Take a look at this 2 minute homage to the shop and the animal you’re about to have killed then eat (WARNING: Some sickening scenes involving westerners and local Hong Kong people embracing one another):
Best word to describe that video?
It completely misrepresents what’s really a ‘good time’ in Hong Kong for a local. It’s certainly not bumping playfully into a blonde western woman at the race track or grinning like a moron as some western guy grabs a beaten looking lobster from a tank and holds it up like a living trophy.
A ‘good time’ for a local goes a bit more like this…

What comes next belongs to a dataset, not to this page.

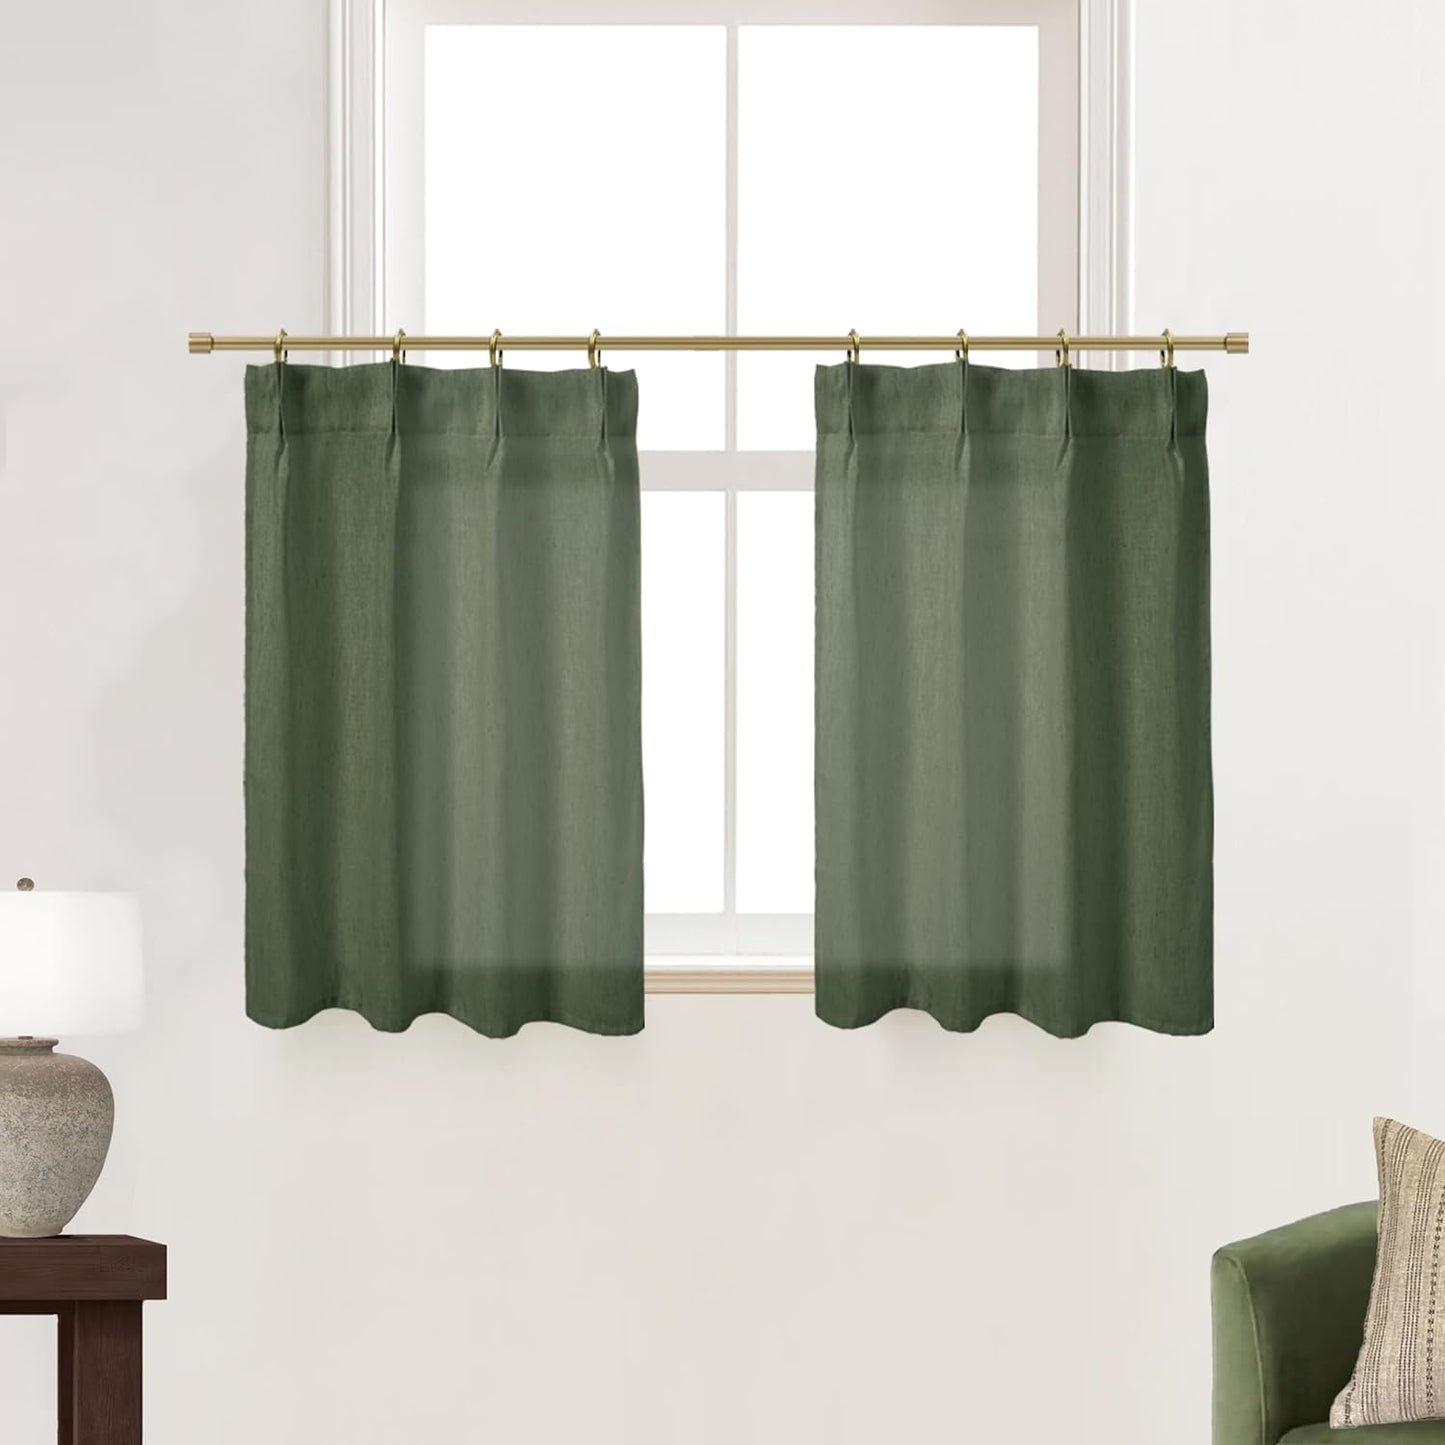 Short Curtains for Windows,Semi Sheer White Linen Cotton Privacy Light Filtering Cafe Length Small Pinch Pleated Curtains for Living Room Bathroom with Hooks,24 X 24 Inch Long  Lino Rosa Olive Green 24"W X 24"L

…get on a crowded train or bus with your family of three kids, two of them babies in giant prams, to go jostle shoulder to shoulder with a million other idiots so you can save 10 cents on a roll on toilet paper and 1% off on 60 boxes of tissues. After that, you’ll line up at a restaurant that has half-dead fish on display in tanks at the front window, eventually sit down to eat fistfuls of MSG and fat…spilling half of it over the table and floor, then somehow synchronize your watches with every single other person in the shopping mall to make sure that you’re all on the same bus, going home at the same time, with armfuls of the same shit you bought in the same shops. Sounds great.
Food & money.
As Hong Kong as MSG and neon.
They know how to play hard in Hong Kong!
When you live in a utopia like Hong Kong you can rest easy knowing that your hard work is rewarded with a playground of shops and restaurants as far as the eye can see…which, in Hong Kong because of the air pollution, is not all that far…but many Hong Kong people never really bother looking too far beyond their own narrow self interests anyway.
So, it all works out.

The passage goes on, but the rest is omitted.